Reps back INEC on delisted parties

on   /   in News 12:33 am   /   Comments

By Emman Ovuakporie

ABUJA—House of Representatives Committee on Electoral Matters, weekend, threw its weight behind the decision of Independent National Electoral Commission, INEC, to de-list 28 political parties.

The committee also disclosed that the Budget Office diverted a huge but undisclosed sum meant for INEC in the 2012 budget to a secret account, before the money was quickly returned to the commission when the legislators intervened.

The apex electoral body is empowered by Electoral Act 2010 as amended, and the 1999 Constitution to de-register political parties that would have defaulted on certain provisions relating to their existence in Nigeria.

Chairman of the Committee, Jerimon Manwe, PDP-Taraba, who gave his committee’s nod to the action of INEC, said the committee had no problems with INEC Chairman, Prof. Attahiru Jega’s decision to de-list the affected parties.

He said: “I, as a lawmaker, made the law, and INEC is supposed to implement the law and they are doing it.

“Why should I summon them for carrying out their duties as they have been asked to do, based on the Constitution?

“We are not saying there is no provision in the law to allow for freedom of association, but those associating must be guided by law.

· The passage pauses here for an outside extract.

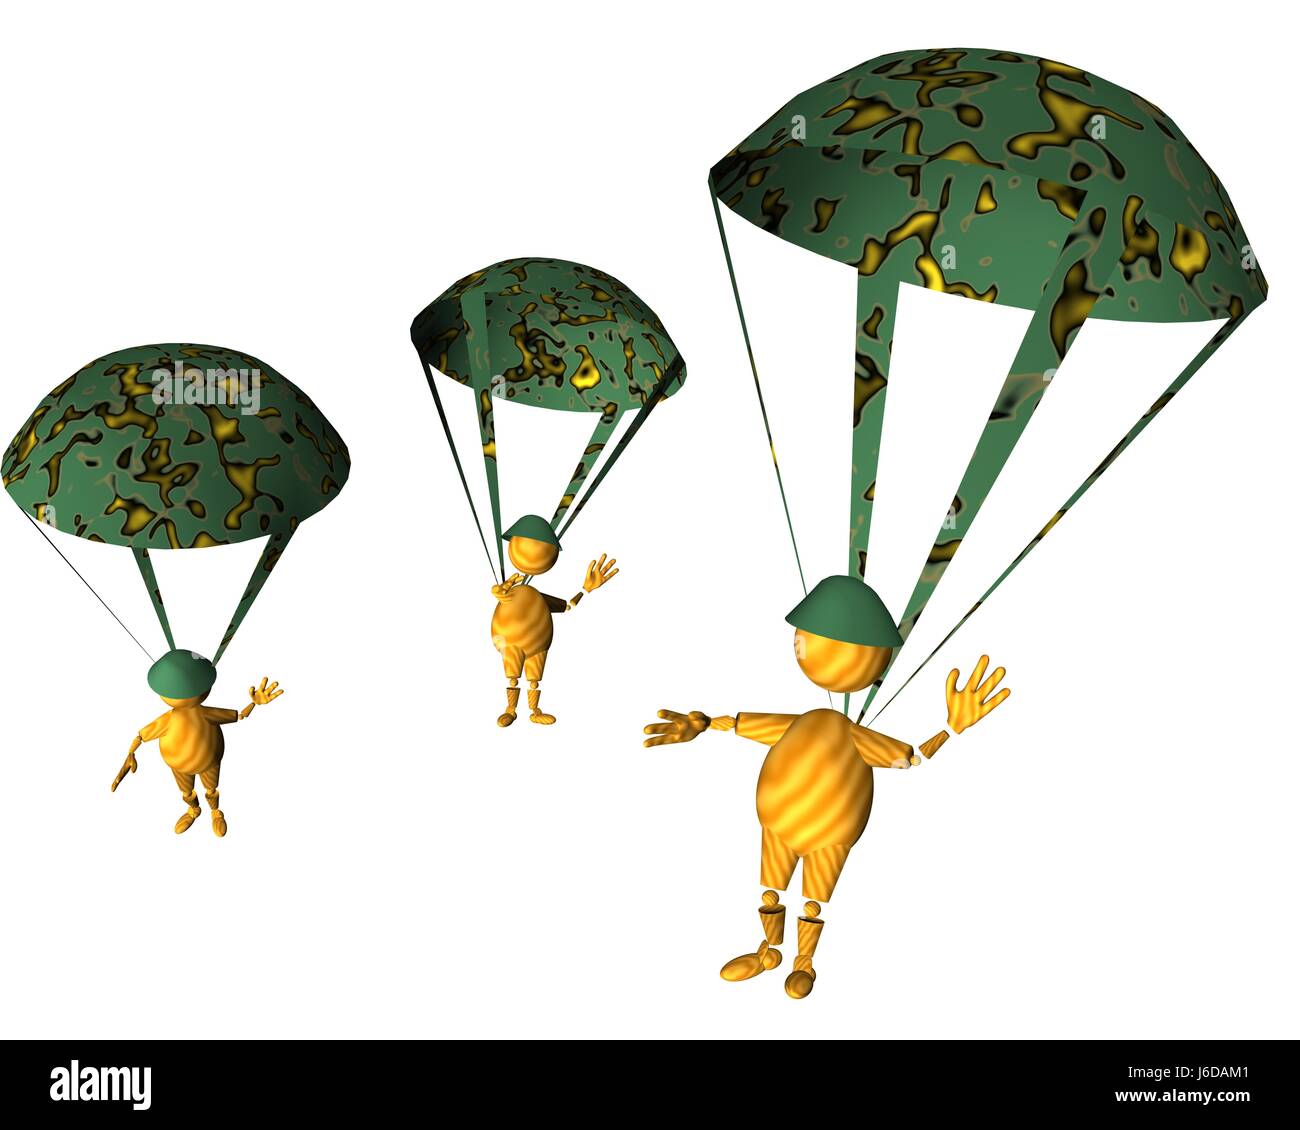 Army Force Parachute Military Parachutes Strength Men Man Art Isolated

That is why laws are made.

“Laws are made to be obeyed. You are qualified to be President of this country. You are also qualified to be a member of the House of Representatives.

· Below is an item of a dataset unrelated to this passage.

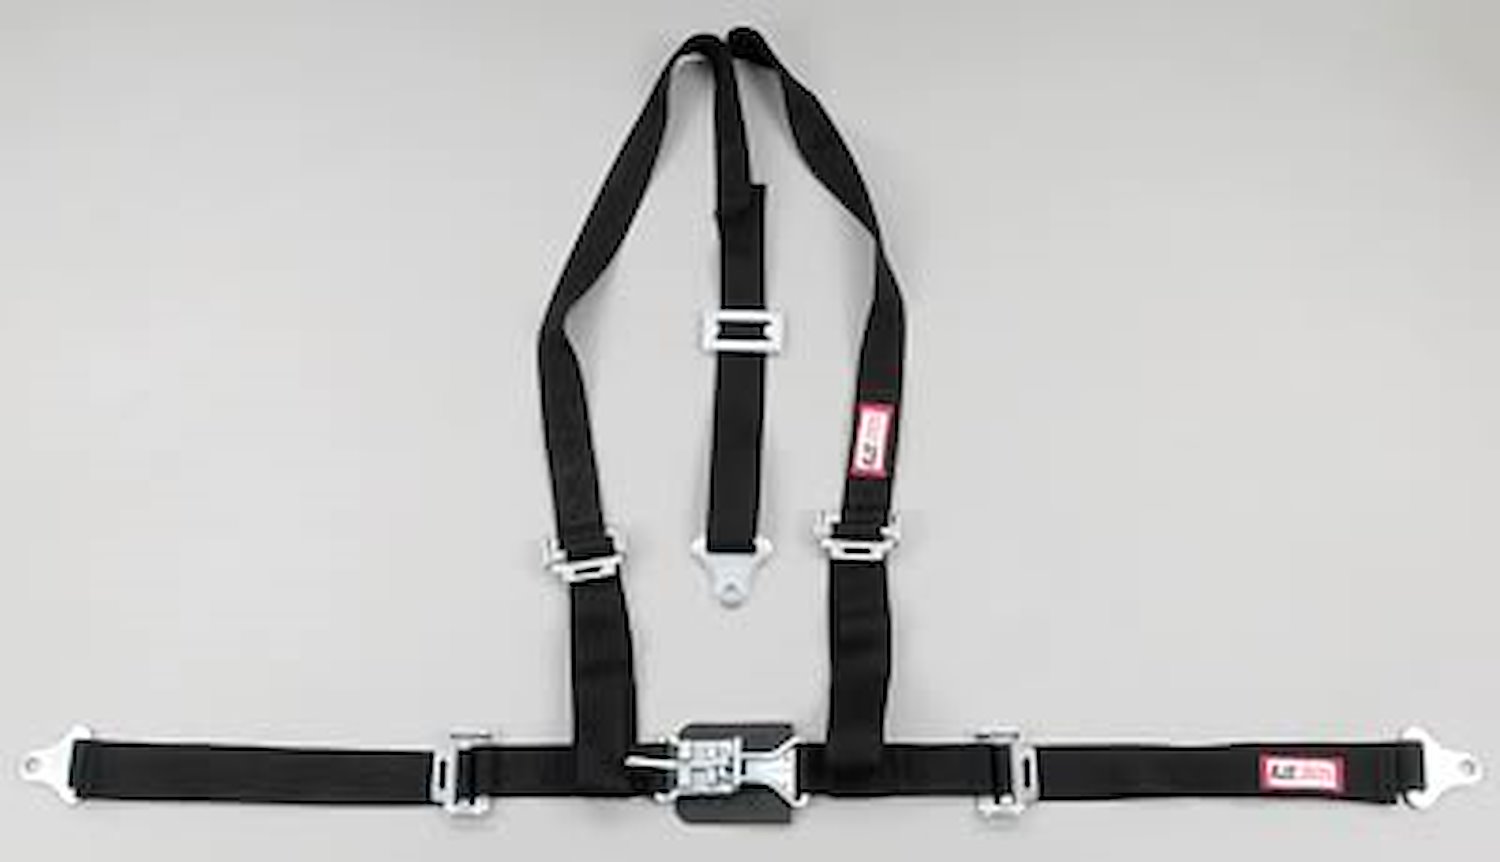 NON-SFI L&L HARNESS 3 PULL DOWN Lap Belt SEWN IN 2 S.H. Individual ROLL BAR Mount w/STERNUM STRAP ALL WRAP ENDS BLUE

“However, there are guidelines that you need to follow right from the constitution. And so far INEC has done nothing wrong.”

He, however, dismissed suspicions that INEC might have played the script of a Peoples Democratic Party, PDP, agenda to foist a single-party system on the country.

He explained that both the constitution and electoral laws were made by all parties in the country, including the affected ones.

On 2015 election, he disclosed that INEC and other stakeholders would hold talks on the loopholes in the previous elections, with the hope of addressing them in subsequent polls.

Manwe said: “Was it PDP that wrote the constitution or the electoral act? The electoral act was the product of all political parties; we had APGA, PRP, ACN, ANPP, and several other parties who sat and made these laws.”